▸ **What this task involves**: Starting with the line with "Açık Kedi Tuvaleti Mavi 49.5x40x22 Cm" in the entries below and going on through the line with "Texel - Schifffahrt Texel 44 TH 18", output every line exactly and nothing more. No pictures.

** Opening Extracted information block **

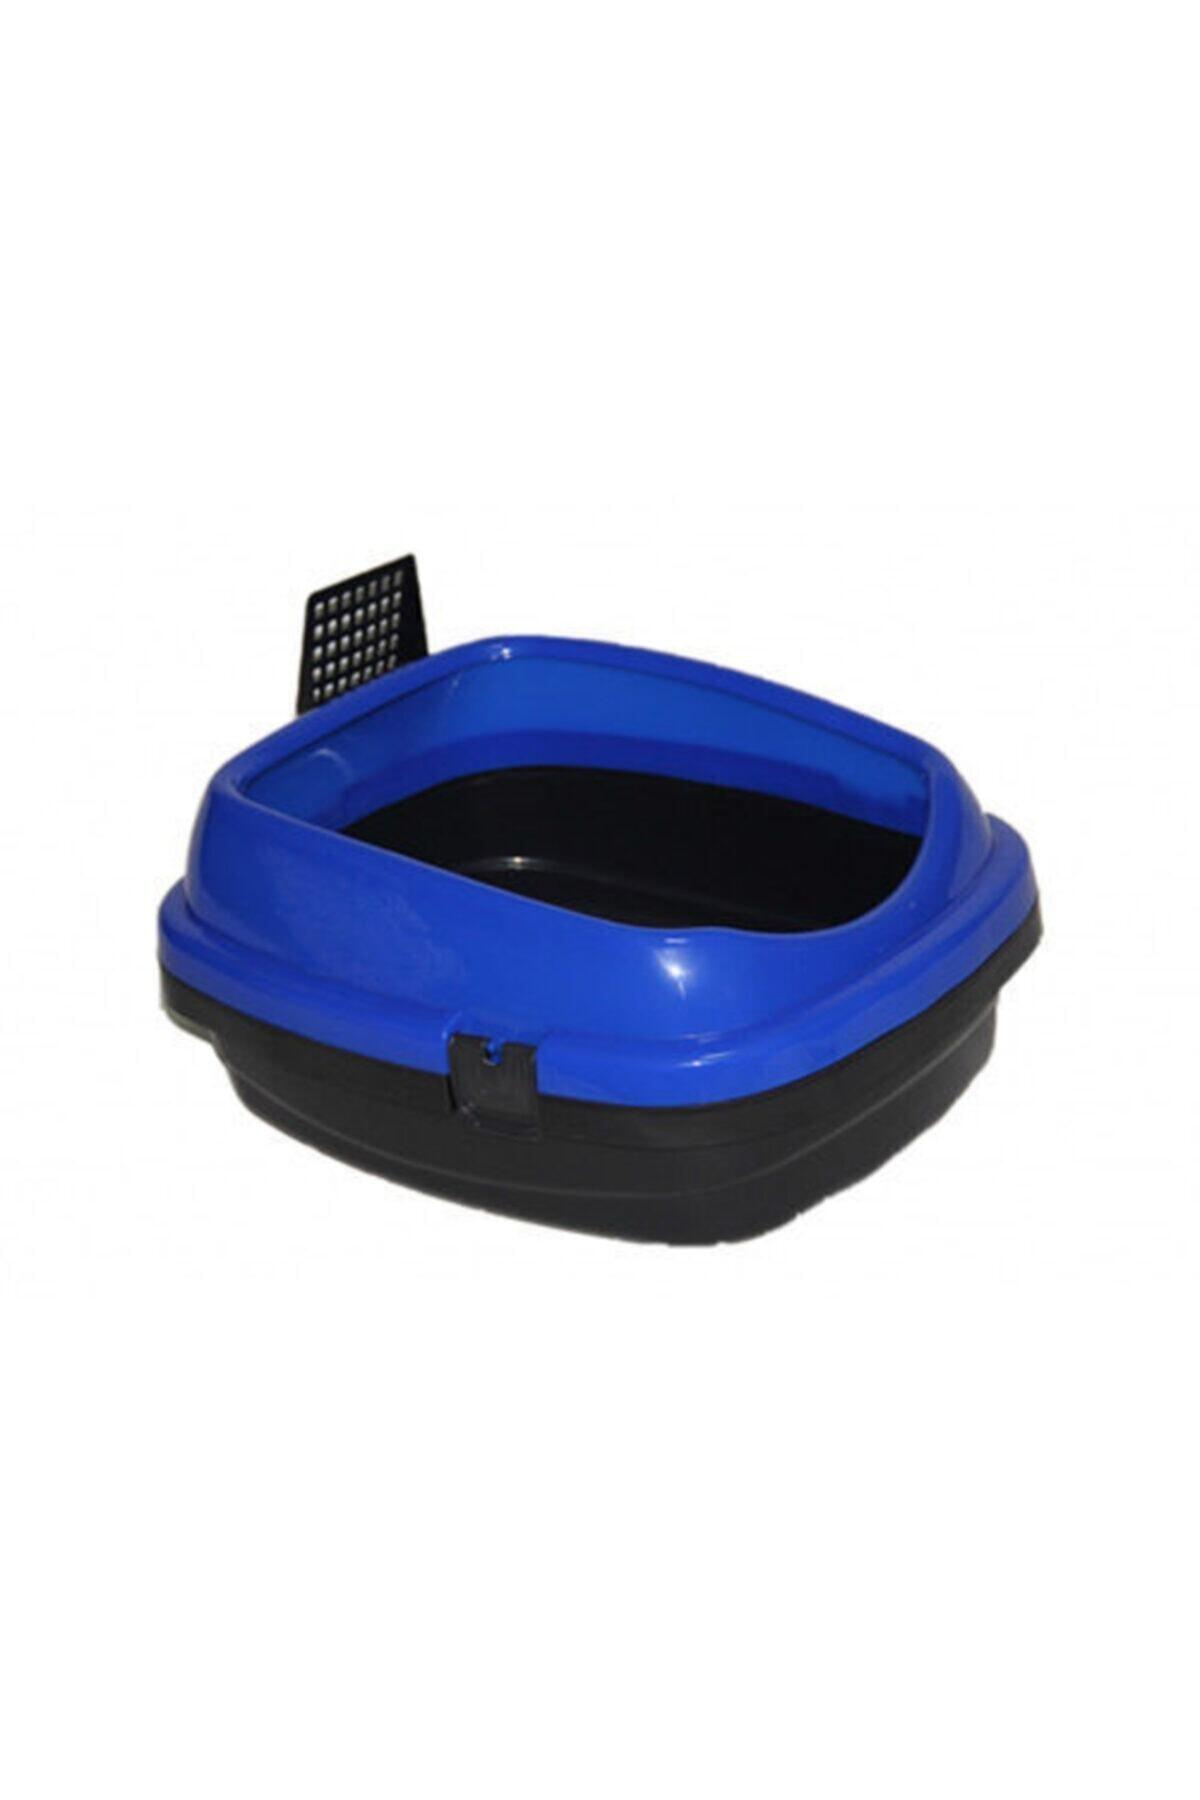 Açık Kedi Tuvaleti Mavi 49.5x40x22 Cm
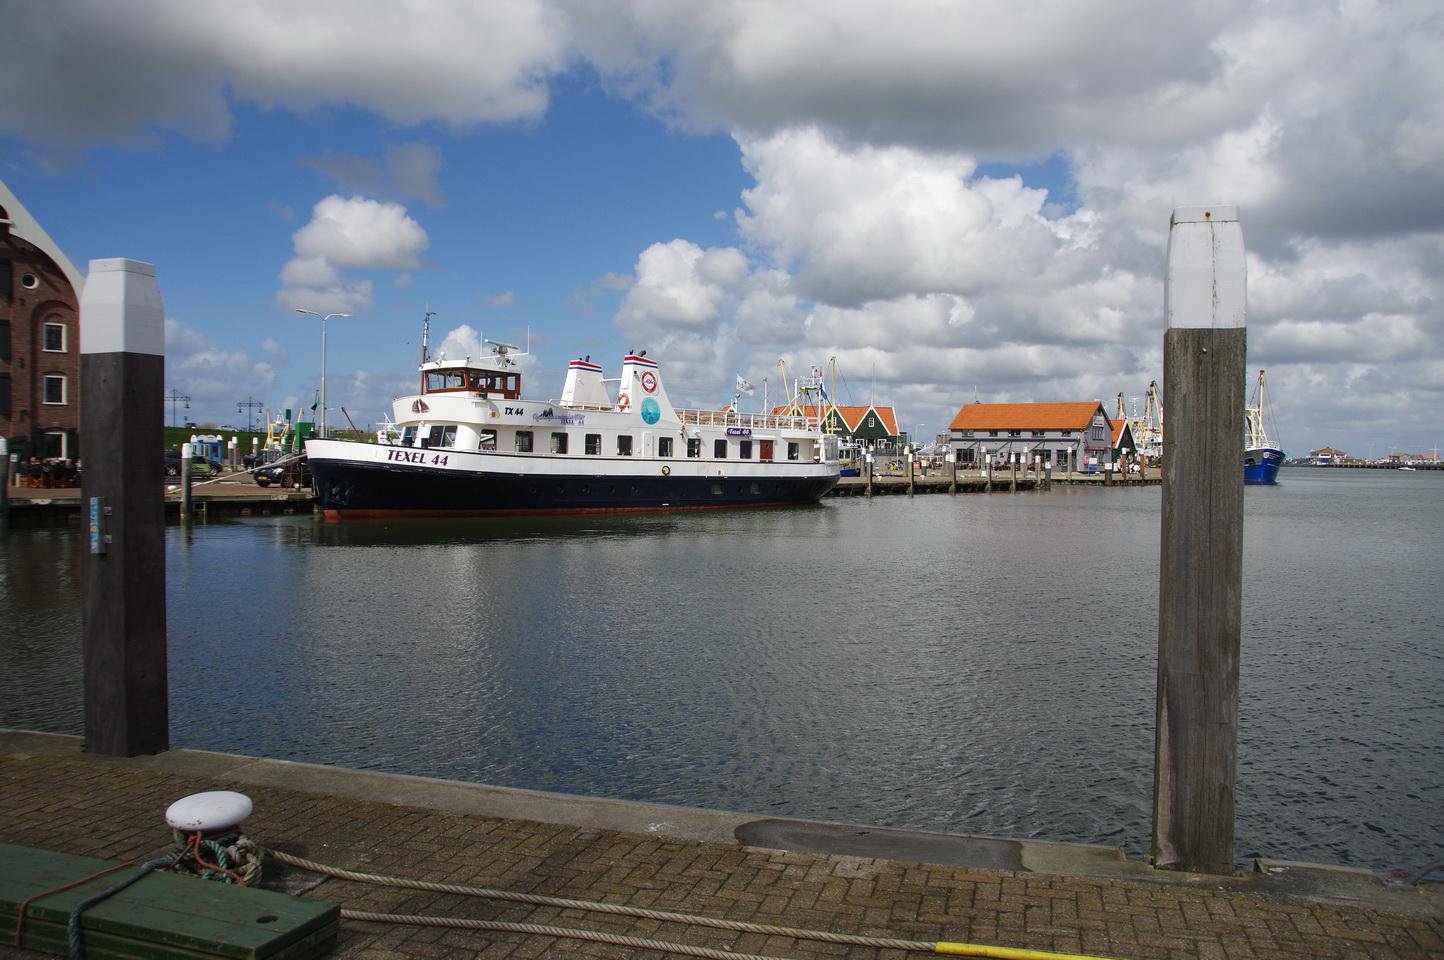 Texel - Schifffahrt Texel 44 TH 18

** Closing Extracted information block **
** Opening Extracted information block **

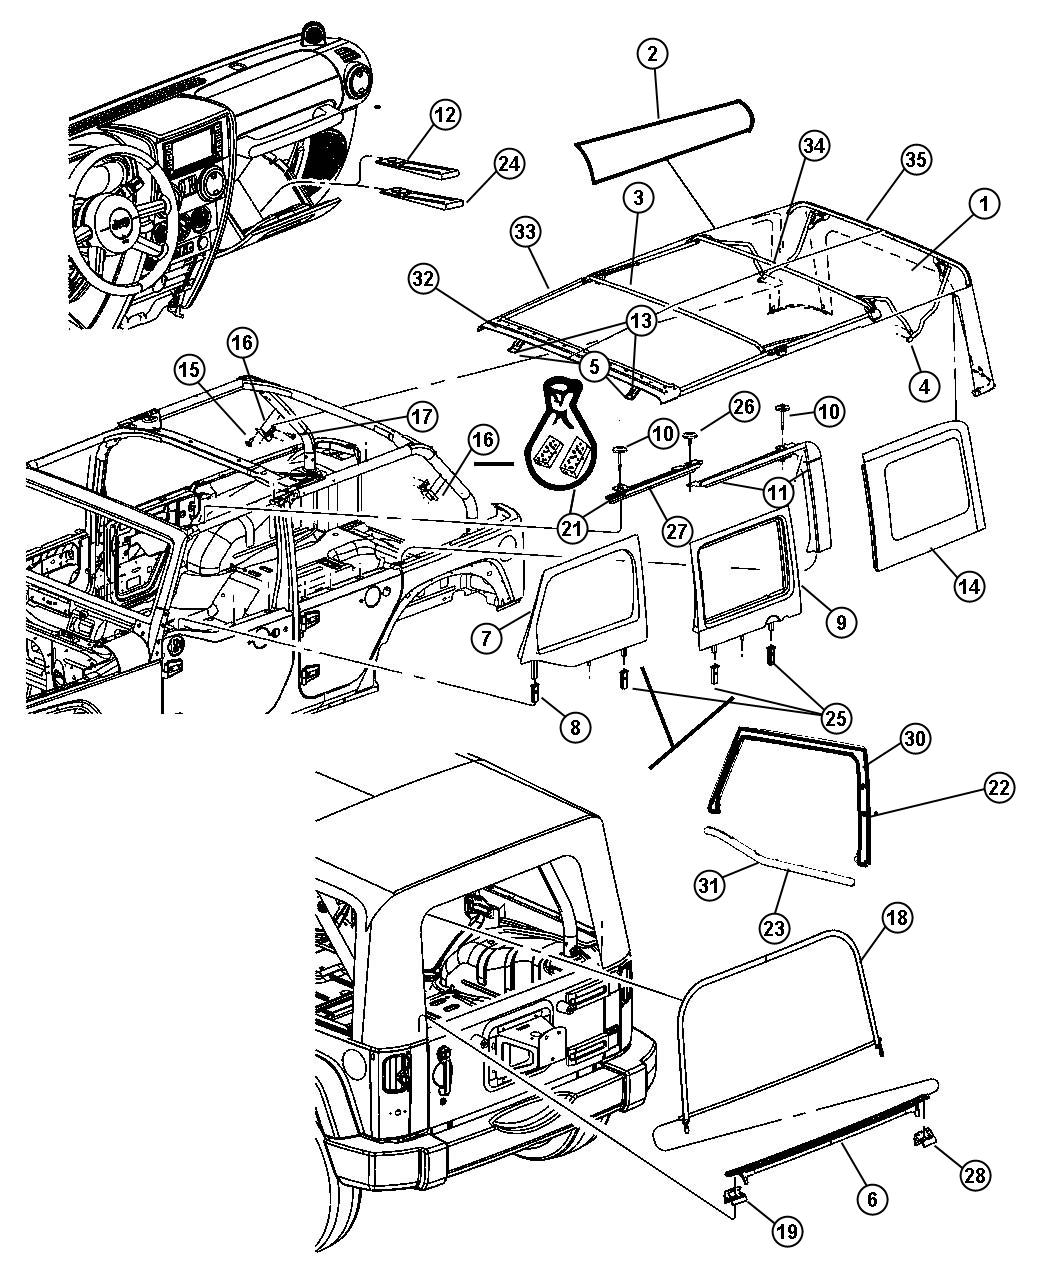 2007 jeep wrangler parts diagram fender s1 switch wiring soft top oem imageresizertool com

** Closing Extracted information block **

▸ **Your response**:
 Açık Kedi Tuvaleti Mavi 49.5x40x22 Cm
 Texel - Schifffahrt Texel 44 TH 18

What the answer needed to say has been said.